Let's say you add 1K columns with timestamps 1 to 1000. Then, at an arbitrarily distant point in the future, if you call remove on that CF with timestamp 500 (so the timestamps are logically out of order), will it delete exactly half of it or is there stuff that might go on under the covers that makes this not work as you might expect?

-Jeffrey

-----Original Message-----
From: Jeffrey Wang [mailto:jwang@palantir.com] 
Sent: Thursday, February 03, 2011 3:03 PM
To: user@cassandra.apache.org
Subject: RE: rolling window of data

Thanks for the response, but unfortunately a TTL is not enough for us. We would like to be able to dynamically control the window in case there is an unusually large amount of data or something so we don't run out of disk space.

One question I have in particular is: if I use the timestamp of my log entries (not necessarily correlated at all with the timestamp of insert) as the timestamp on my mutations will Cassandra do the right thing when I delete? We don't have any need for conflict resolution, so we are currently just using the current time.

It seems like there is a possibility, depending on the implementation details of Cassandra, that I could call a remove with a timestamp for which everything before that should get deleted. Like I said before, this seems a bit hacky to me, but would it get the job done?

-Jeffrey

-----Original Message-----
From: scode@scode.org [mailto:scode@scode.org] On Behalf Of Peter Schuller
Sent: Thursday, February 03, 2011 8:48 AM
To: user@cassandra.apache.org
Subject: Re: rolling window of data

> The correct way to accomplish what you describe is the new (in 0.7)
> per-column TTL.  Simply set this to 60 * 60 * 24 * 90 (90 day's worth of
> seconds) and your columns will magically disappear after that length of
> time.

Although that assumes it's okay to loose data or that there is some
other method in place to prevent loss of it should the data not be
processed to whatever extent is required.

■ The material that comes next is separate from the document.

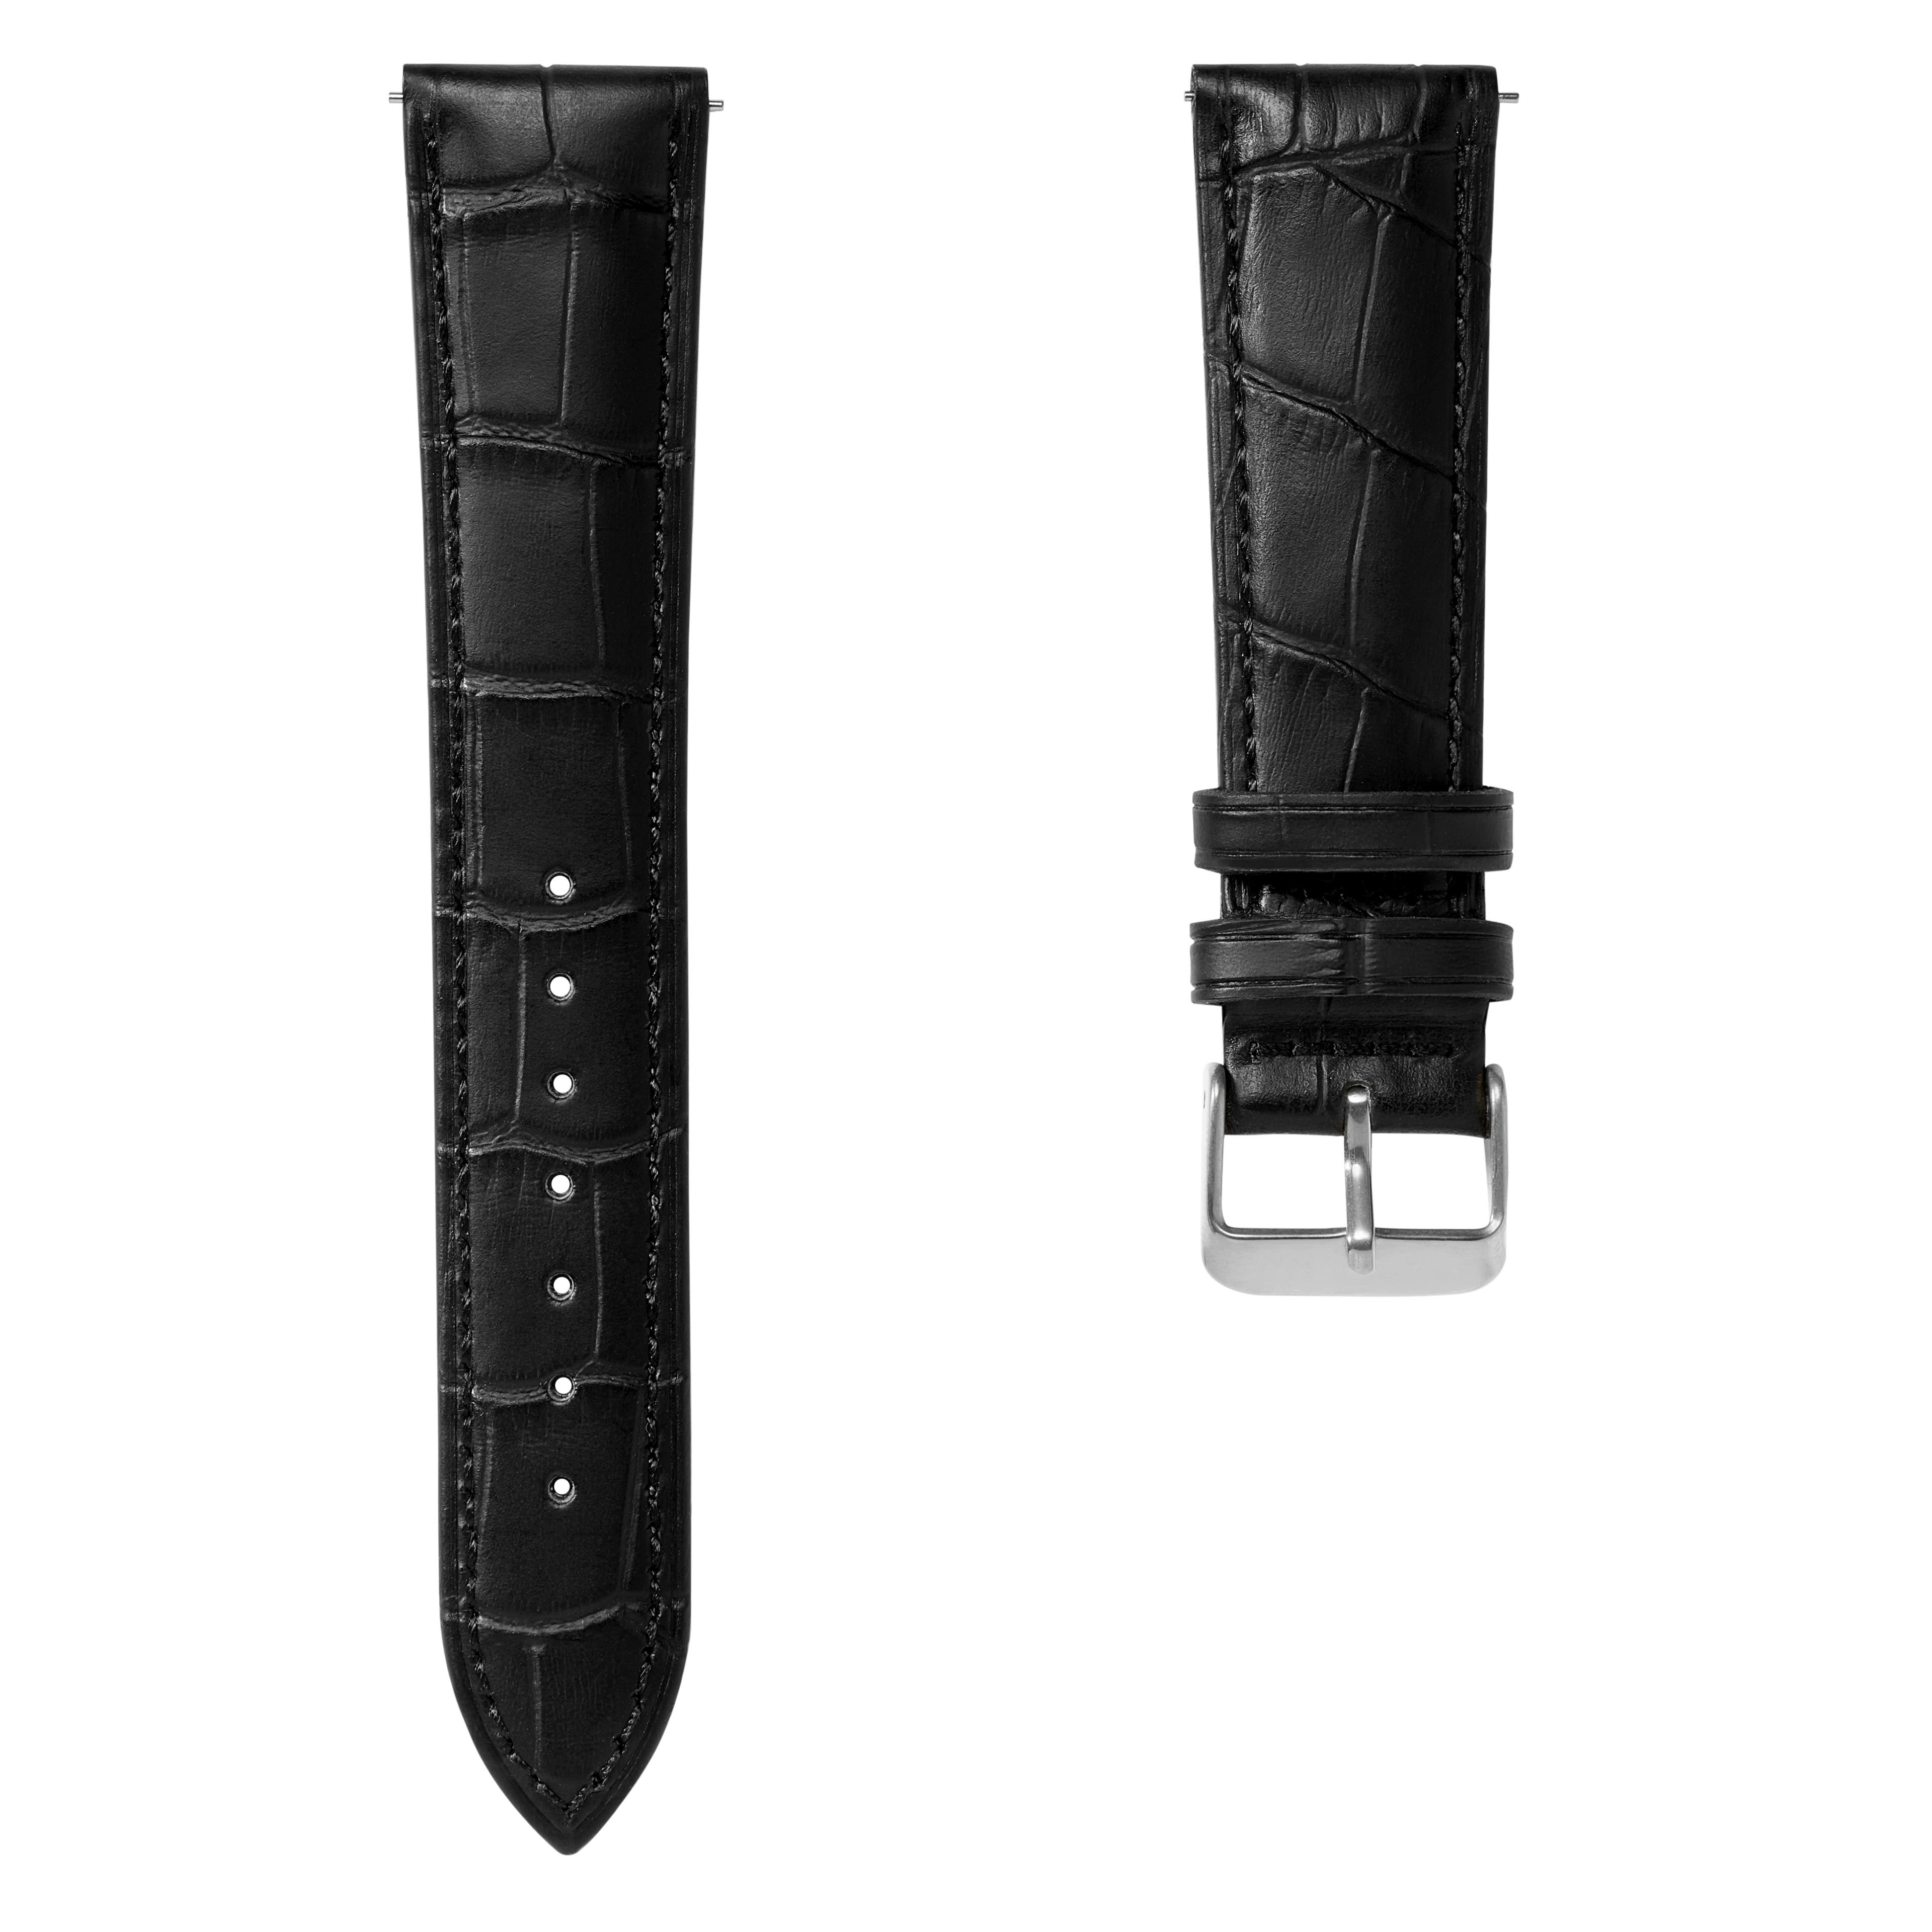 Czarny 21 mm skórzany pasek do zegarka z tłoczonym wzorem krokodyla ze srebrzystą klamrą – szybki w zmianie

TTL:s would be a great way to efficiently achieve the windowing, but
it does remove the ability to explicitly control exactly when data is
removed (such as after certain batch processing of it has completed).

-- 
/ Peter Schuller

RE: rolling window of data

Posted by Jeffrey Wang <jw...@palantir.com>.
Thanks for the response, but unfortunately a TTL is not enough for us. We would like to be able to dynamically control the window in case there is an unusually large amount of data or something so we don't run out of disk space.

One question I have in particular is: if I use the timestamp of my log entries (not necessarily correlated at all with the timestamp of insert) as the timestamp on my mutations will Cassandra do the right thing when I delete? We don't have any need for conflict resolution, so we are currently just using the current time.

It seems like there is a possibility, depending on the implementation details of Cassandra, that I could call a remove with a timestamp for which everything before that should get deleted. Like I said before, this seems a bit hacky to me, but would it get the job done?

-Jeffrey

-----Original Message-----
From: scode@scode.org [mailto:scode@scode.org] On Behalf Of Peter Schuller
Sent: Thursday, February 03, 2011 8:48 AM
To: user@cassandra.apache.org
Subject: Re: rolling window of data

> The correct way to accomplish what you describe is the new (in 0.7)
> per-column TTL.  Simply set this to 60 * 60 * 24 * 90 (90 day's worth of
> seconds) and your columns will magically disappear after that length of
> time.

Although that assumes it's okay to loose data or that there is some
other method in place to prevent loss of it should the data not be
processed to whatever extent is required.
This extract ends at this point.